The real problem is not the encryption or even the decryption of an encryption scheme with huge values, it is the generation of the key:
For RSA, ElGamal, Paillier, etc. you need one or more large primes, which make up a modulus for your computations. In practice, you can find large primes by using the Miller-Rabin primality test. It has a run time of $O(t \log^3 n)$, and for large numbers it can be improved to $O(t \log^2 n)$ if using FFT-based multiplication. $t$ notes the number of test runs and you have an error rate of $1/4^k$, where the test says prime for a coposite number. While the runtime with multiplication optimazation has the smaller exponent, the Big-O notation does hide constant factors, and I don't know where the break-even is, but let's just assume the current crypto libraries already use the optimzation.
As a reference in this SO answer generating a $2048$ bit RSA key (which is generating two $1024$ bit primes and a tiny amount of its computation time to find $e$ coprime to $\phi(n)$ and calculating $d$) takes around $1$ sec. So $\approx 0.5s$ for a $1024$ bit prime.

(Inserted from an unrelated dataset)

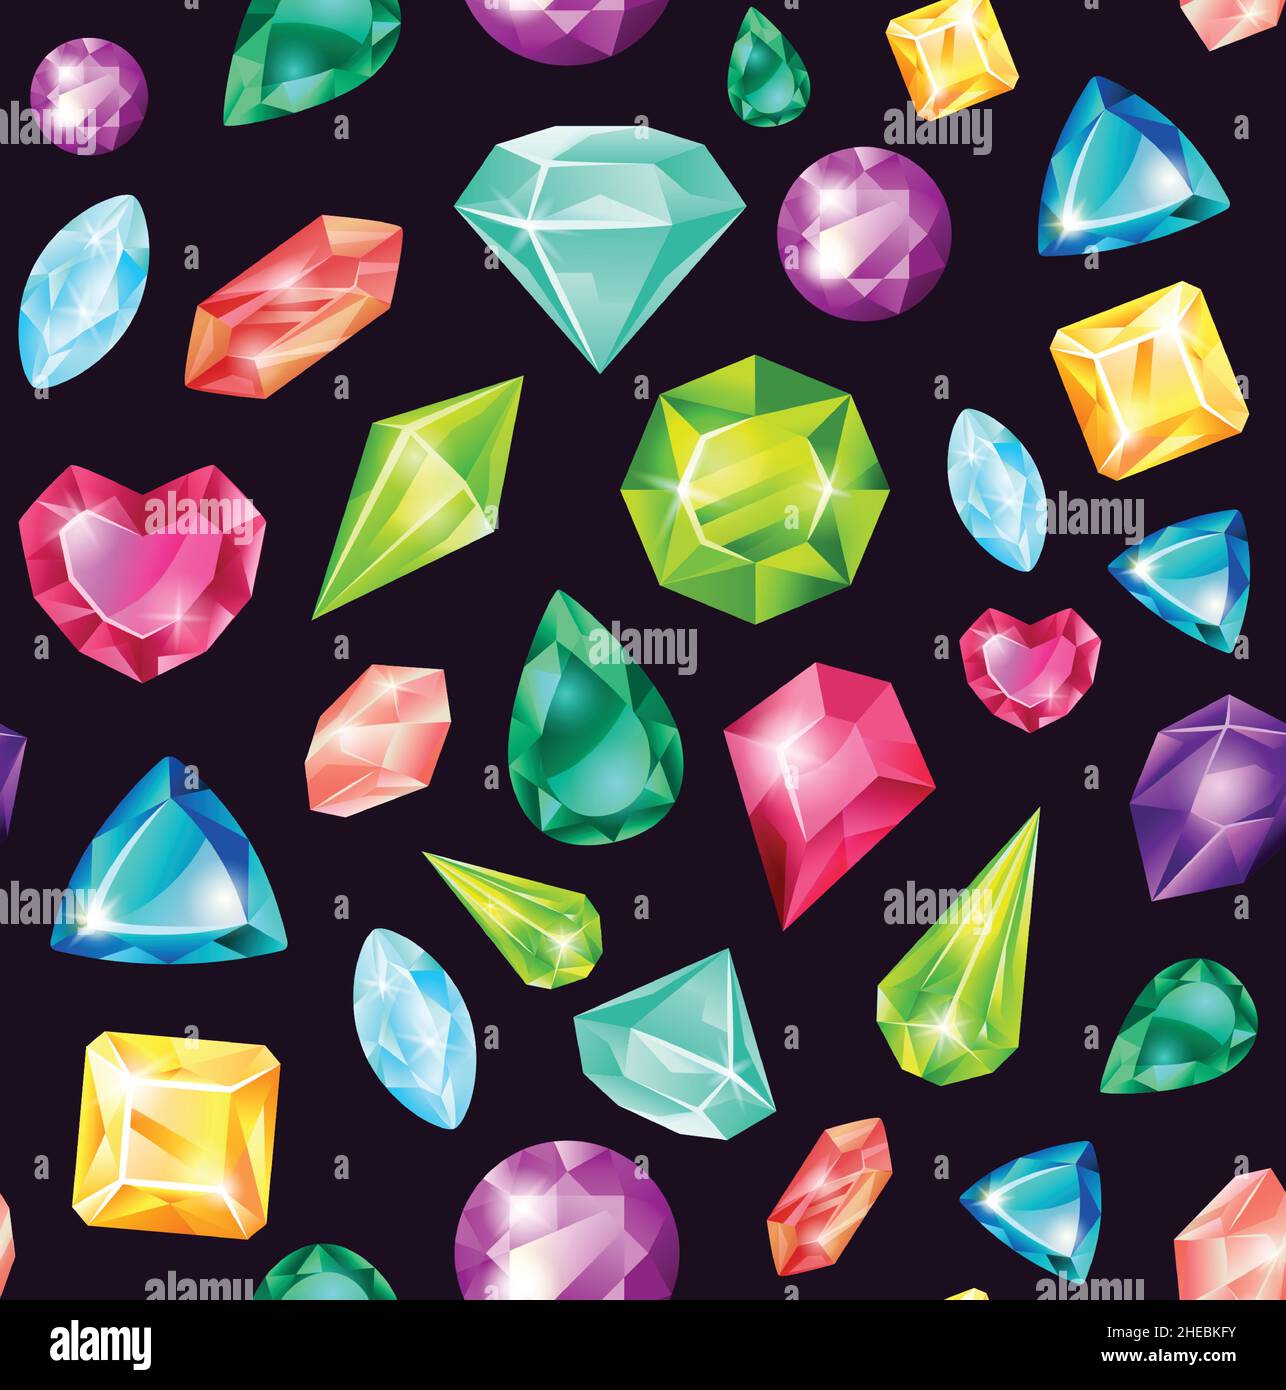 Cartoon magic crystals and precious gemstones seamless pattern. Colorful jewelry crystal, diamond gems, shiny jewel stones vector background. Fantasy shiny jewelry texture or textile Stock Vector

If we want to increase the size by a factor $a$, then the Miller-Rabin test takes $a^2$ times longer. However, we also need to test $a$ times as many numbers on average to find an actual prime number. Example: A random $1000$ bit number is prime roughly with probability $1/ln(2^{1000}) = (\log 2)/ 1000$ and we need on average $1000/(\ln 2)$ tests to find a prime, a random $2000$ bit number is prime with probability $(\log 2)/2000$, and on average we need to test $2000/(\ln 2)$ numbers to find a prime. This means, we expect to run the algorithm on $a$ times as many numbers to find a prime.

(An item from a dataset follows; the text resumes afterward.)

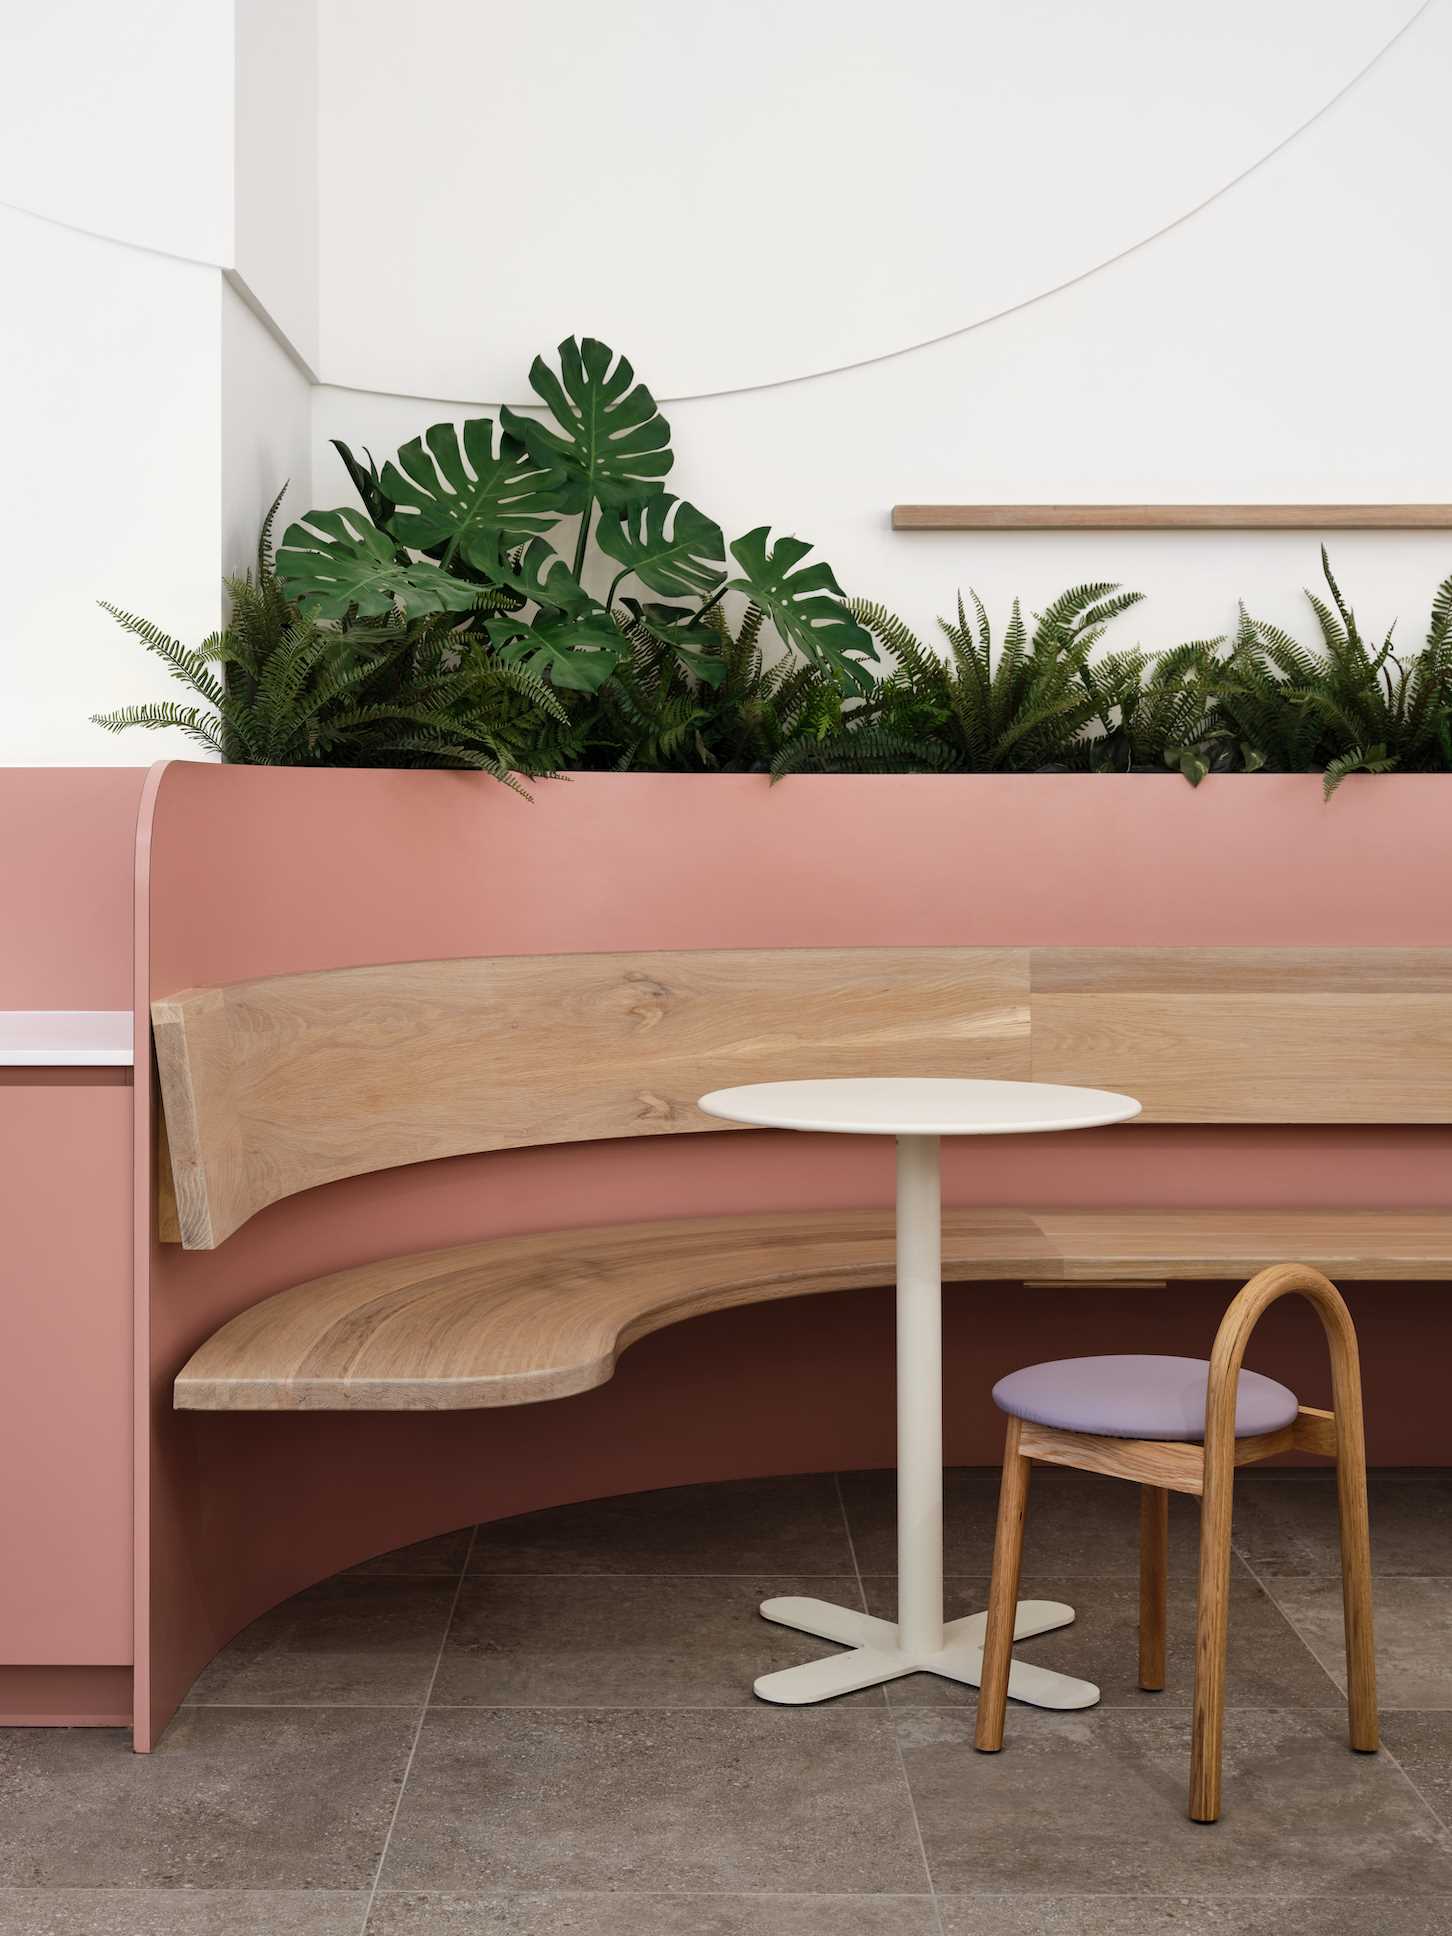 A modern cafe with plants and curved banquette seating.

For example, for a prime with $1 M$ bits for example and an estimate of $0.5$ sec for a $1024$ bit prime, we have a factor of $~976.5$ in size, so the runtime for Miller-Rabin itself is $0.5 \cdot 976.5^2$, and we need to test $976.5$ as many values, resulting in an overall runtime of $\approx 465 M$ seconds, which is around $14.76$ years.

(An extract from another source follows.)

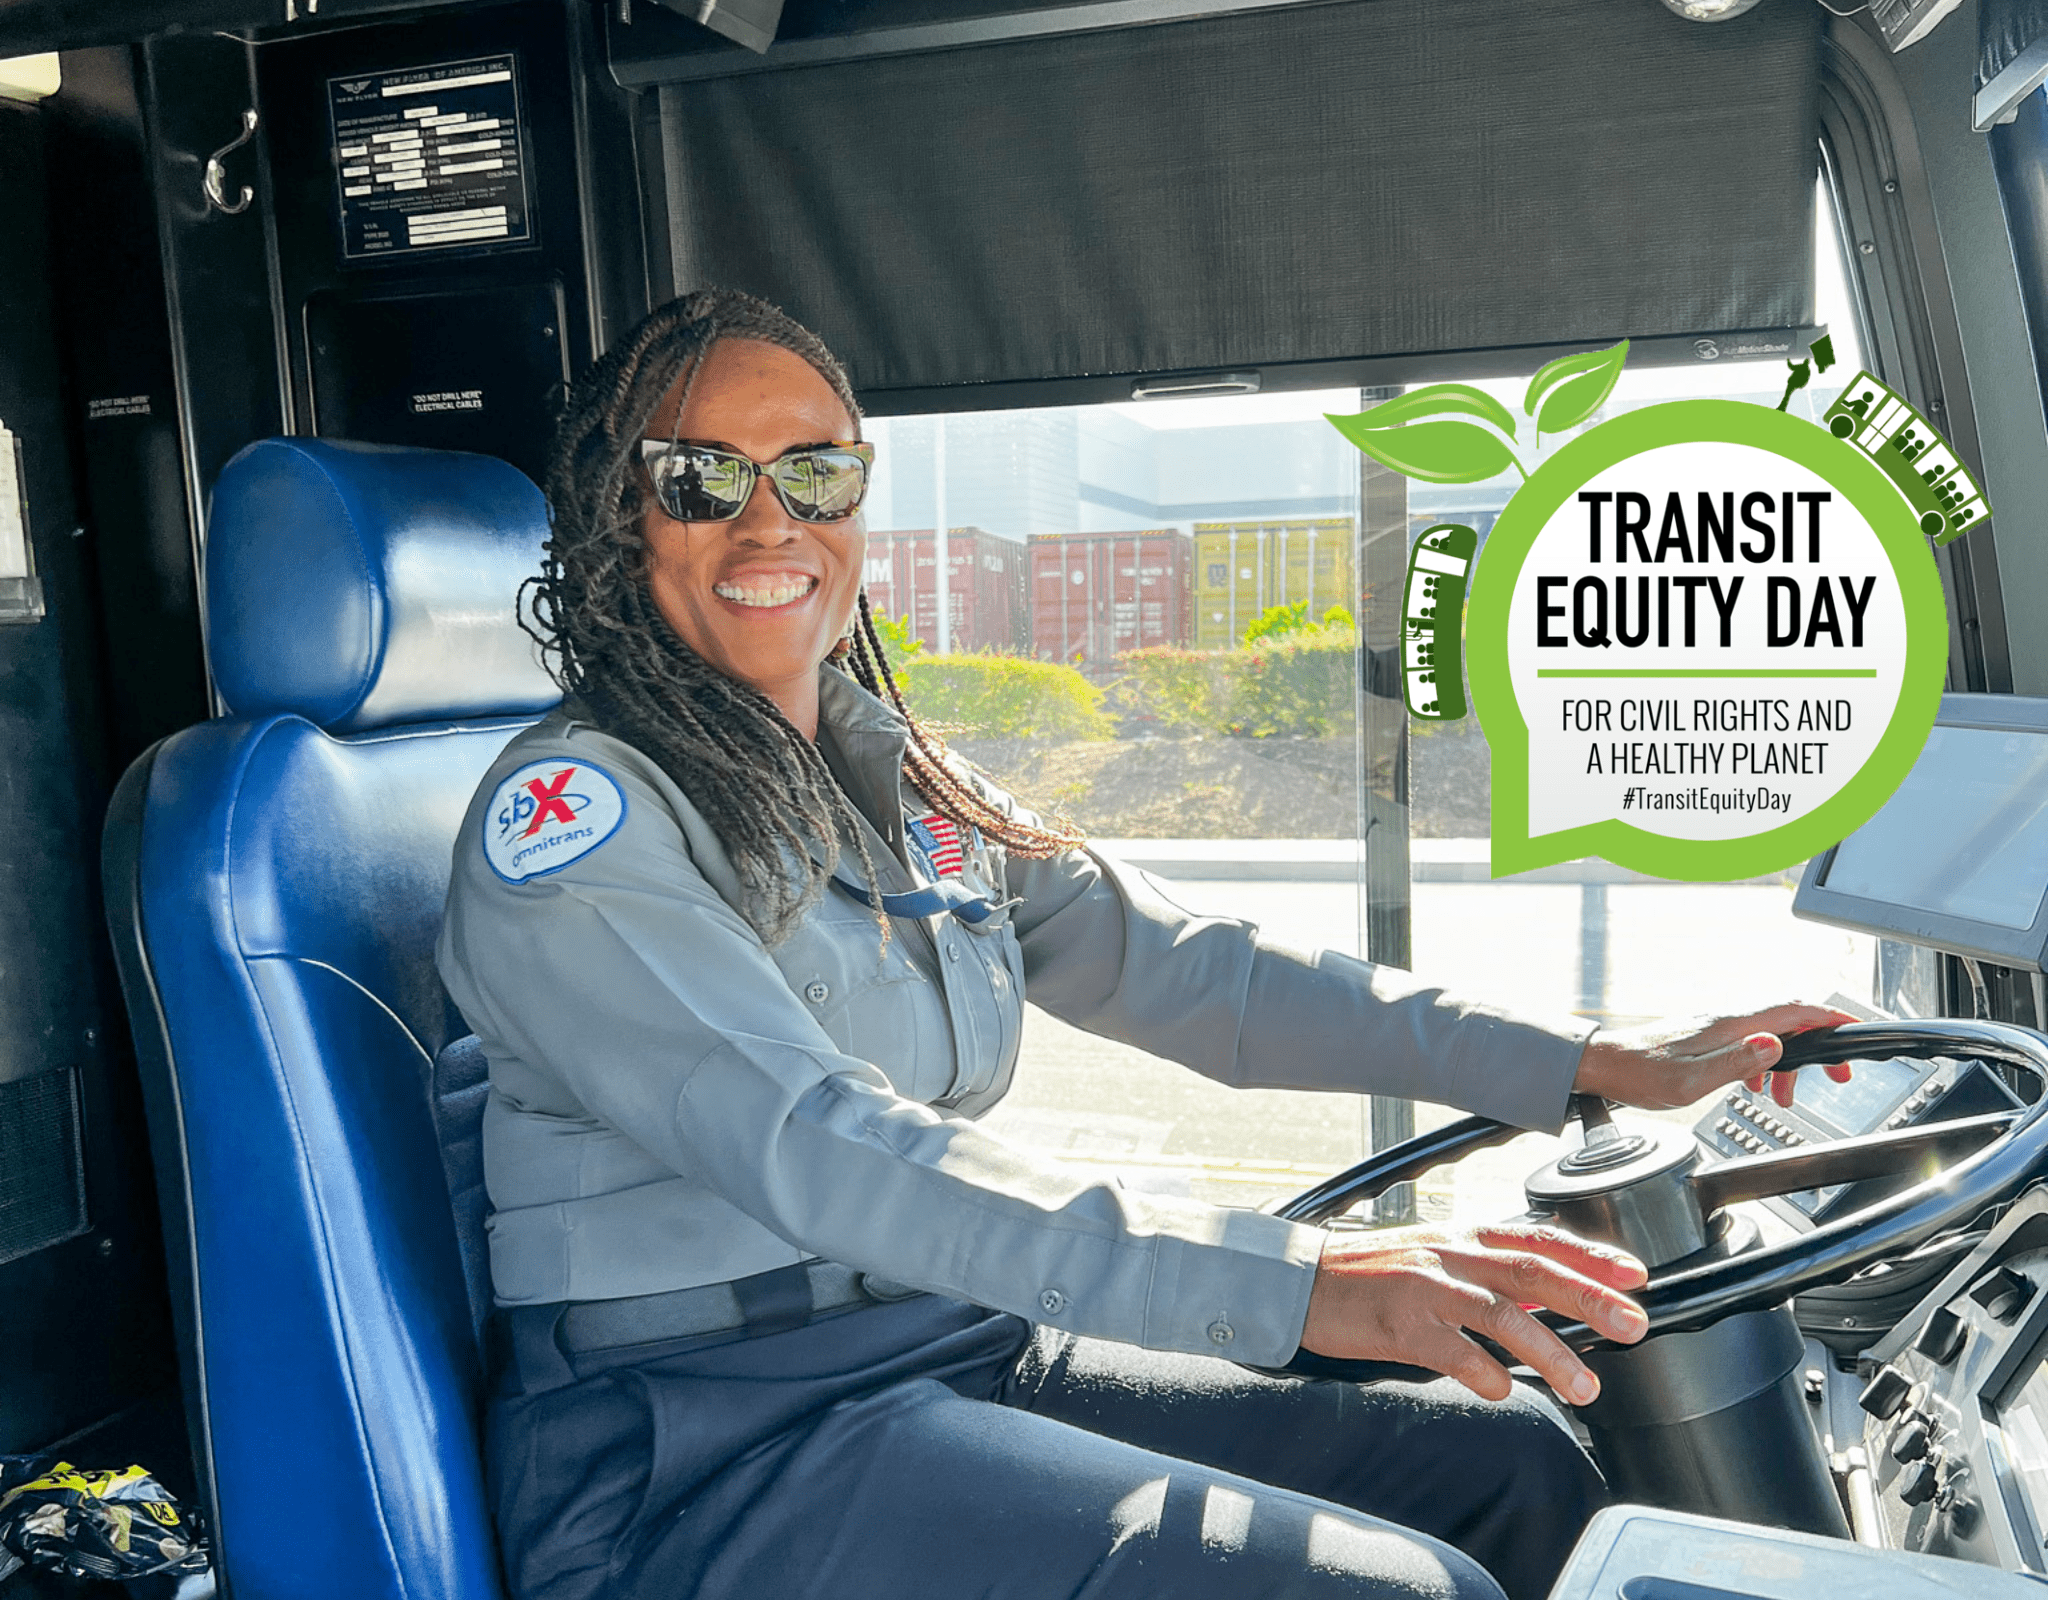 Transit Equity Day – FREE rides on fixed-route services!

In case you want to use RSA you need two of these primes, so after 30 years you have a RSA modulus with $2,000,000$ bit, which allows you to encrypt $0.25$ MByte of data in one piece. Of course using a large computing center will speed this up, but the real problem is the size, since I guess you didn't have $0.25$ MB of data in mind when you wrote "potentially very large".
Edit:
The encryption and decryption scale much less from the size increase. For RSA, you can still use a small exponent in the encryption, this doesn't have to be much larger than current ones. That means the number of steps in square-and-multiply are roughly the same, just each multiplication and modulo operation takes more time. Decryption then involves a number of length of the modulus, but overall it is still quadratic at worst, and much less than prime generation.